1601 Larkin Rendering as Proposed
While the Planning Department is recommending certification of the Environmental Impact Report for the proposed Stanley Saitowitz designed 1601 Larkin Street project (which would raze the United Methodist Church at the corner of Clay and replace it with a 63 foot residential building with 27 units over parking), it is also recommending the Planning Commission not approve a conditional use authorization (as well as rear yard variance) necessary for the project to exceed 40 feet in height.
The basis for the Planning Department’s recommendation:

The project would result in an abrupt change in scale compared with existing buildings in the vicinity.
The massing of the project is not sculpted to appropriately transition to adjacent lower building or to reflect the underlying topography.
The project does not sufficiently break the apparent scale of the building into discrete elements to a degree that justifies the requested bulk exceptions.
The project would result in the demolition of an historic resource.
The project not desirable for or compatible with the surrounding neighborhood.

In the court of public opinion, 250 communications (letters, emails, and petition signatures) have been received by the Planning Department in support of the project versus 50 communications from those who are opposed.
The project will be heard by the Planning Commission this Thursday.
1601 Larkin: Comments, Responses And Latest Renderings [SocketSite]
1601 Larkin Reignites An Architects Versus Planning Design Debate [SocketSite]
1601 Larkin Conditional Use Authorization Hearing Summary [sf-planning.org]

30 thoughts on “Planning Disapproves Of Proposed Height For 1601 Larkin Project”
  1. Hmmm… the first three “complaints” could be used to describe quite a few of our most cherished buildings…

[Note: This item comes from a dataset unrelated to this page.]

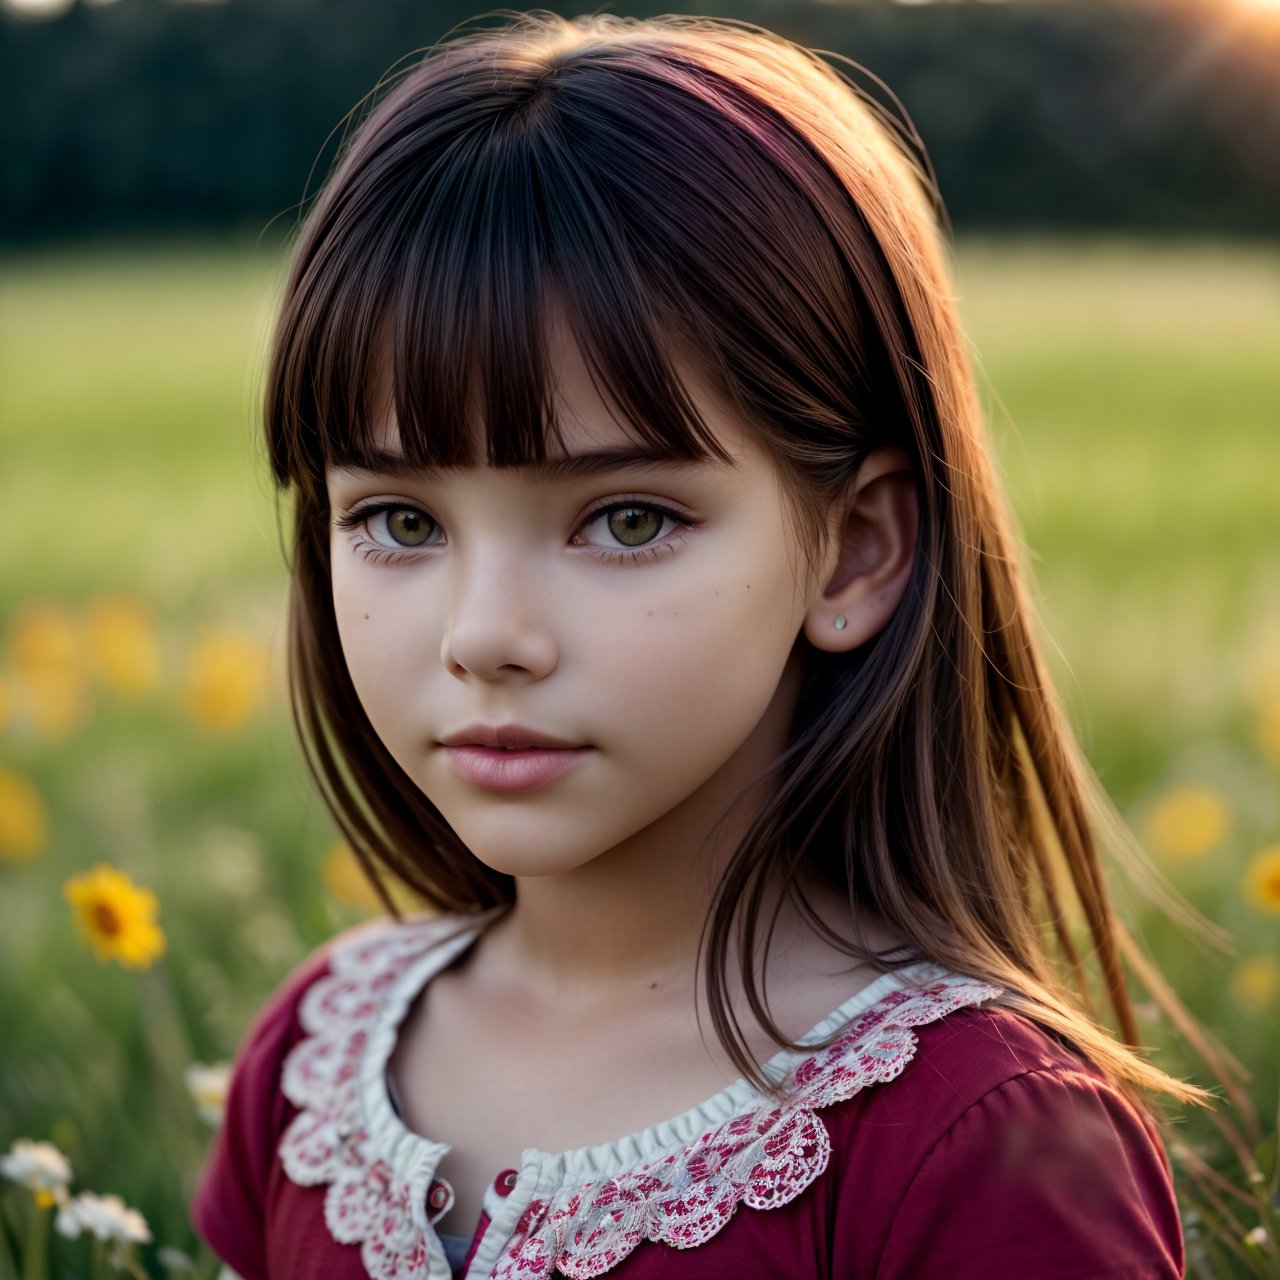 (masterpiece:1.3), best quality, extra resolution, wallpaper, HD quality, HD, HQ, 4K, dolly short of self-assurance (AIDA_LoRA_LG2014:1.1) <lora:AIDA_LoRA_LG2014:0.74> as little girl in a simple red t-shirt in the field, pretty face, (eyes with dark iris:1.1), insane level of details, kkw-ph1, hdr, f1.8, (colorful:1.1), sunlight

  2. What is the difference between the planning department and planning commission? This is the first time I realized these are two separate bureaucracies.

  3. The Planning Commission is simply the legislative body that hears “cases” from the Planning Department when necessary (most things never go to the Planning Commission). The Planning Commission is composed of 7 appointed members, with appointments roughly split between the Mayor and the Board of Supes. Sometimes they appoint good people, sometimes they appoint dentists and non-profit ED’s that know nothing about development, architecture and urban design, economics, etc. In many ways it’s no different from all the other city “Commissions”, it’s just that some land use entitlements go to them first (but can often be kicked up to the Board of Supervisors if it’s controversial enough).

  4. The proposed building looks as awful as the circa 70s style apartment house in the foreground.
    Hopefully it won’t get built. If it does what a visually atrocious corner this will be.

  5. I suppose you could also say that the Planning Commission is composed of a bunch of old farts out of touch with reality and new urbanism.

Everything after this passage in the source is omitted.